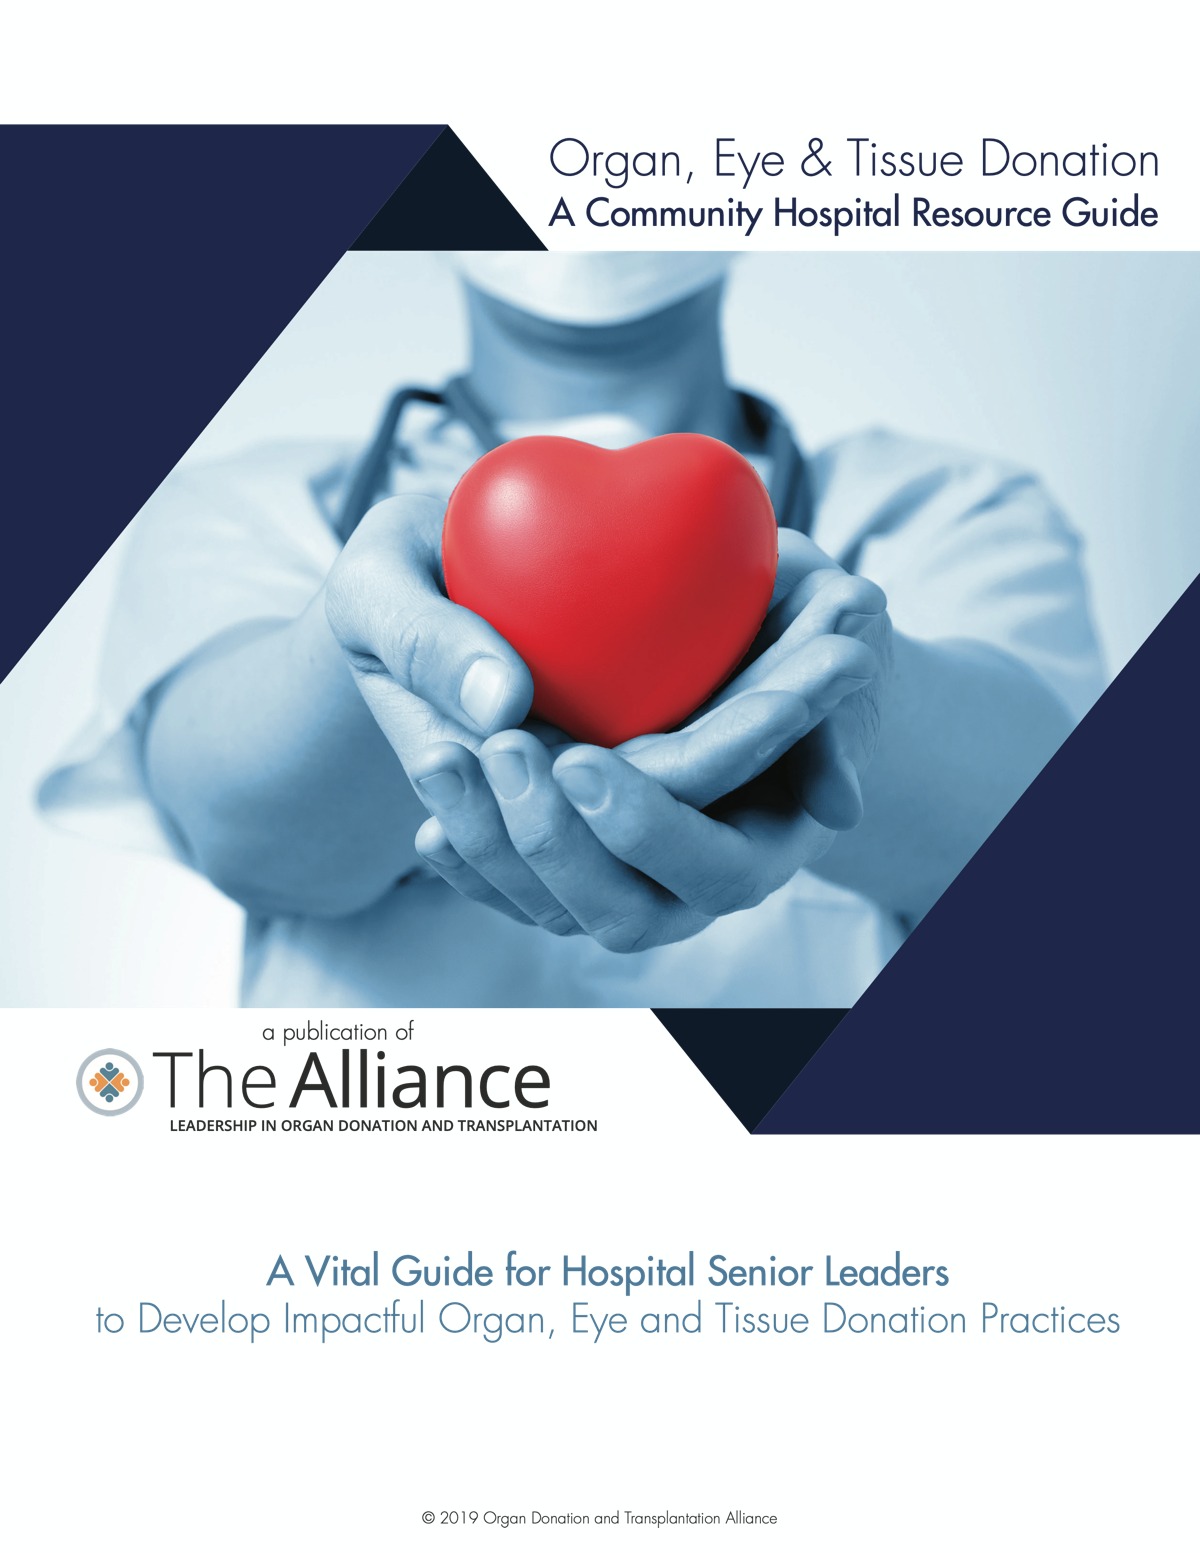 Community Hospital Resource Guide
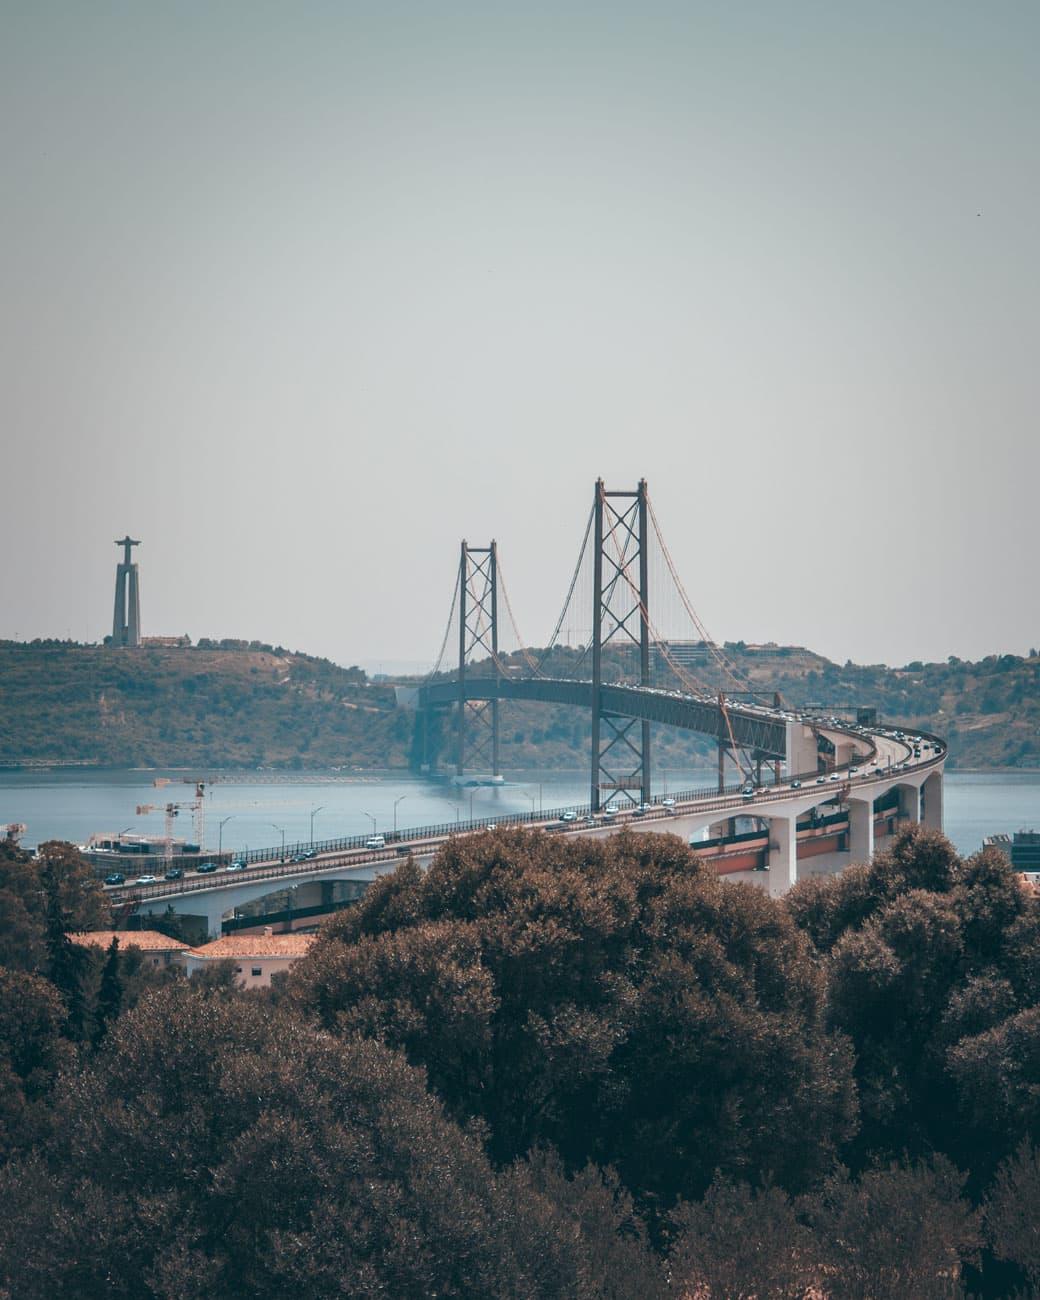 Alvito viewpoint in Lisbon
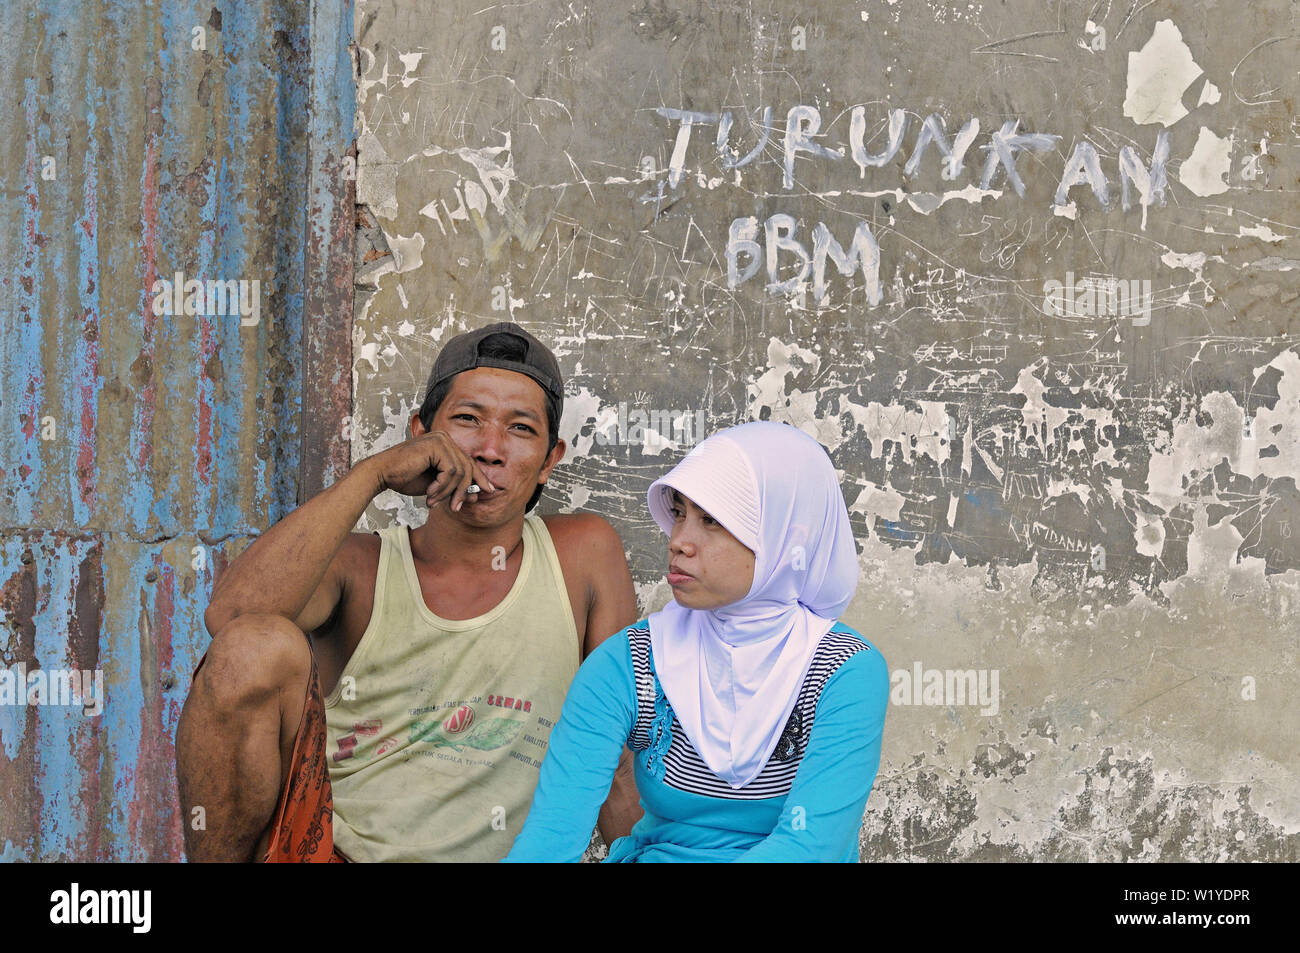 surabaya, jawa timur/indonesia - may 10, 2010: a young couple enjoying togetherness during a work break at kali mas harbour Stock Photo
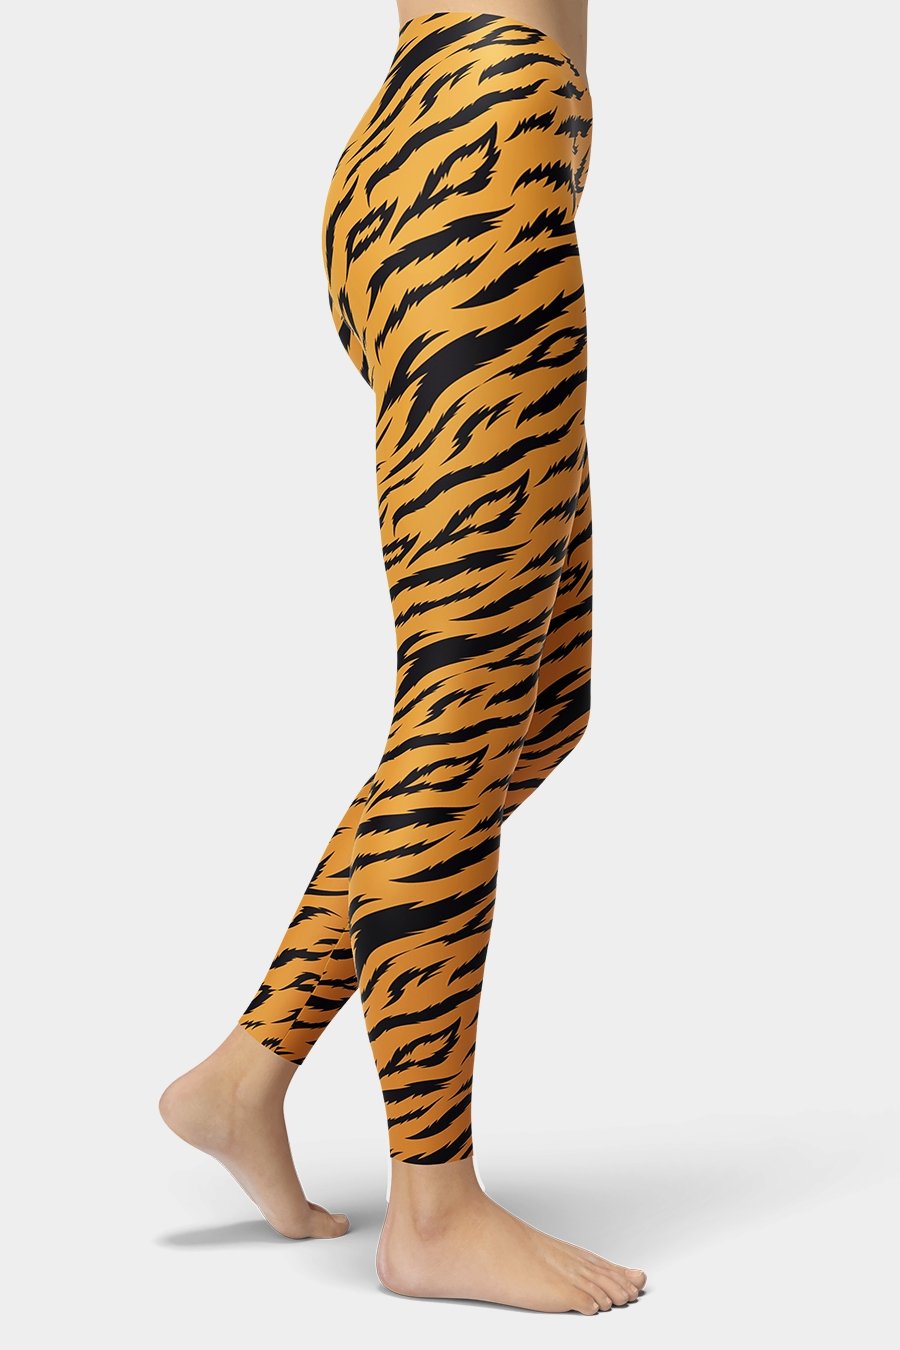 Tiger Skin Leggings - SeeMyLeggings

####

When repeating the material above, keep every line exact and drop all pictures.

 Community Hospital Resource Guide
 Alvito viewpoint in Lisbon
 surabaya, jawa timur/indonesia - may 10, 2010: a young couple enjoying togetherness during a work break at kali mas harbour Stock Photo
 Tiger Skin Leggings - SeeMyLeggings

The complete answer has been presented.